In application, this design concept is commonly known as biomimicry. This growing discipline studies nature’s systems and then imitates its processes and elements to solve current challenges. The supporting premise is that the environment’s constant ability to adapt has allowed both plant and animal life to evolve to survive. Synchronizing our work to mirror the unification of nature allows innovators, inventors and professionals in a variety of disciplines to contribute to sustainable solutions through systems-thinking, creativity and interdisciplinary collaboration. For example, the Wright Brothers employed biomimicry when they studied flight patterns of pigeons and used what they learned in the design and construction of their first airplane. Velcro was invented in 1941 by Swiss engineer George de Mestral who first got the idea for this new material from the burrs that were often stuck to his dog’s hair. Drawing on nature's design library also includes glue inspired by lizards, coatings inspired by beetles, turbine blades inspired by whales, paint inspired by leaves and fans inspired by the sycamore.

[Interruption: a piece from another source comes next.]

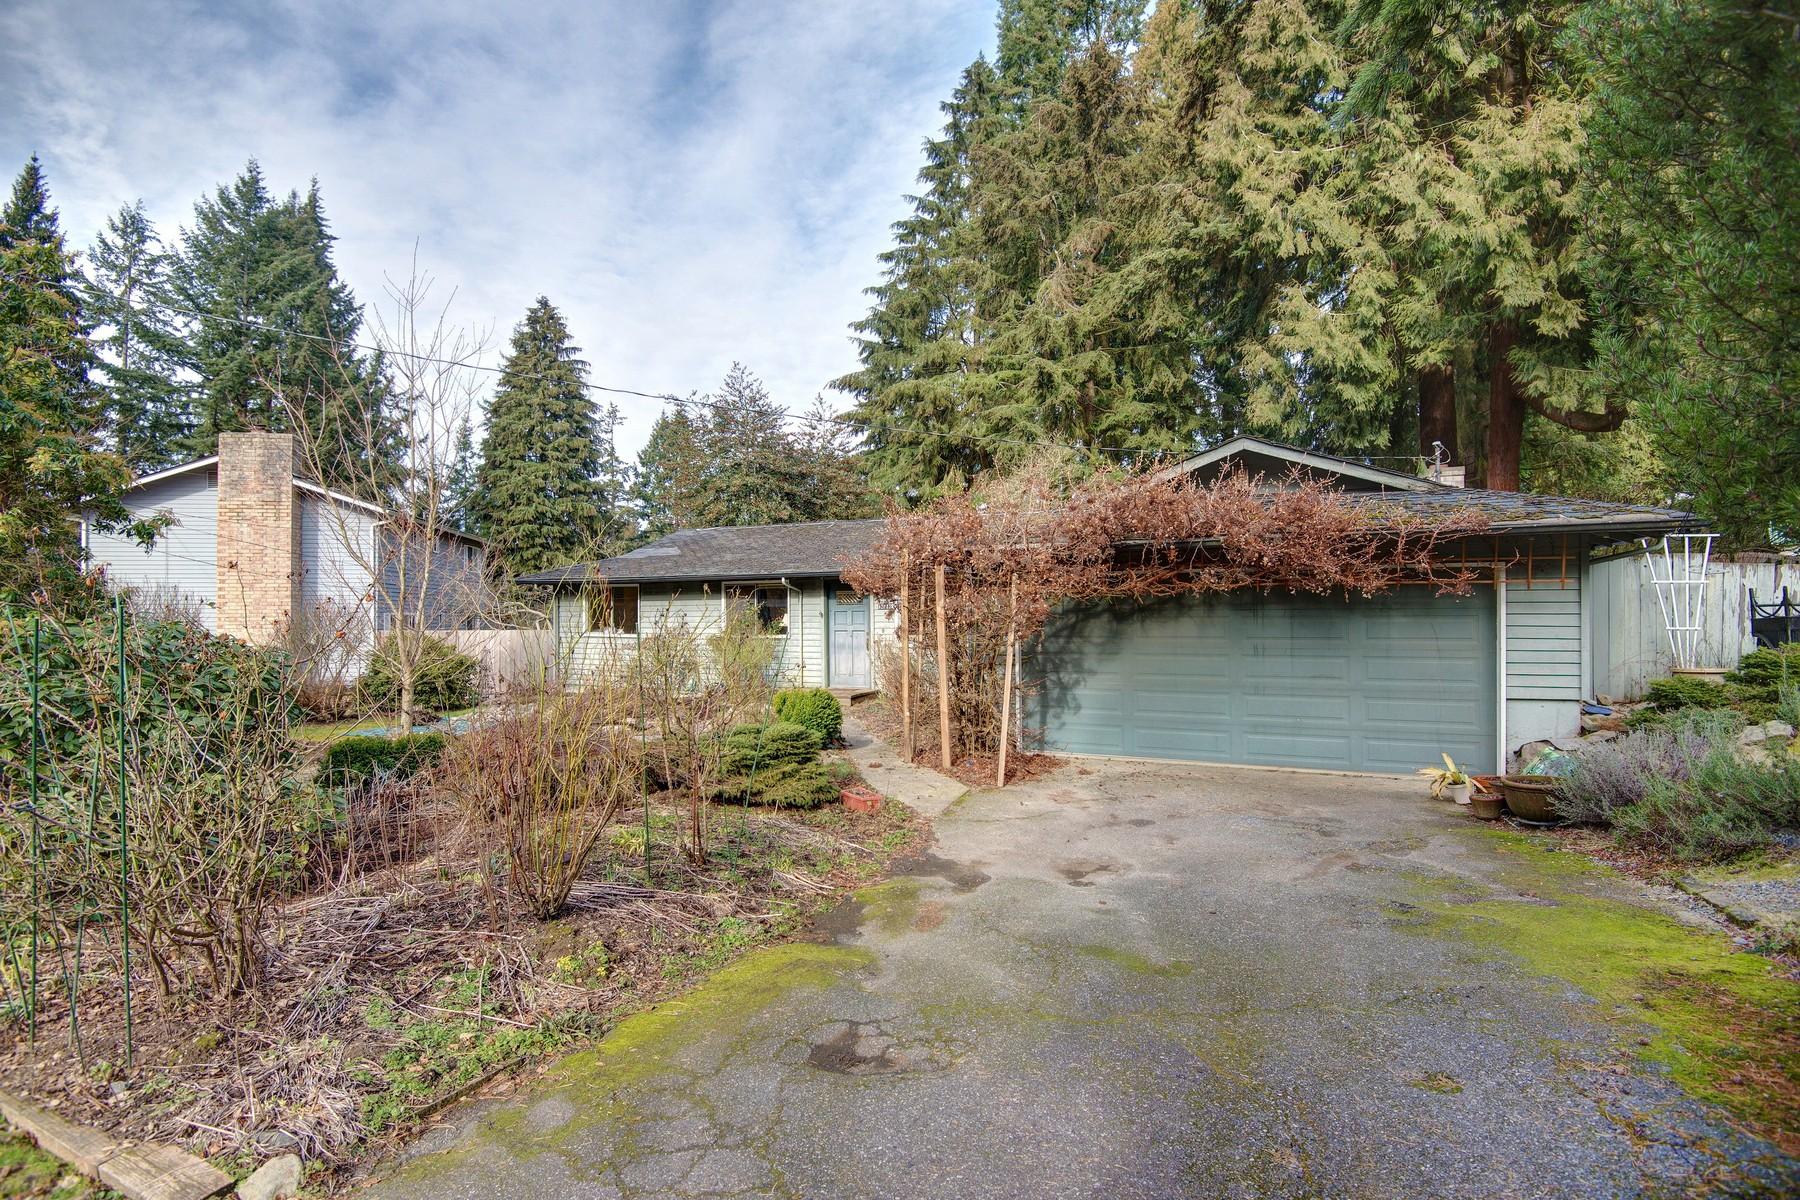 Single Family Home for Sale at Traditional Rose Hill Home 12812 NE 73 St Kirkland, Washington 98033 United States

Birds, insects, trees, and animals seek harmony with their ecosystems, giving us important indicators about how to create sustainable growth and restorative development that provide the same level of oxygen, water filtration and soil fertility as the origin habitat. If nature can create growth conditions conducive to sustainable life, shouldn’t we do the same?
Deriving design inspiration from nature is certainly not new, but when combined with advancements in technology, it is having a profound impact on site design. Janine Benyus, author of Biomimicry: Innovation Inspired by Nature, has suggested that biomimetics will revolutionize urban design and town planning. Cities should be designed to function like natural ecosystems, addressing water attenuation, air pollution and carbon retention. As a means to reduce the fluctuation in global temperatures, landscape forms are introduced to mitigate the concrete urban jungle. We now more frequently use tools such as green roofs, vertical parks, permeable surfaces and atmospheric water harvesting to create cities that behave like ecosystems.
As landscape architects we are committed to understanding ecological systems and their integration into the built environment. We share the planet with 30 million species, so we must keep our eyes open and pay attention. We must work to develop locally and regionally specific performance solutions that seek out synergies and study the way nature solves problems to inform our design decisions.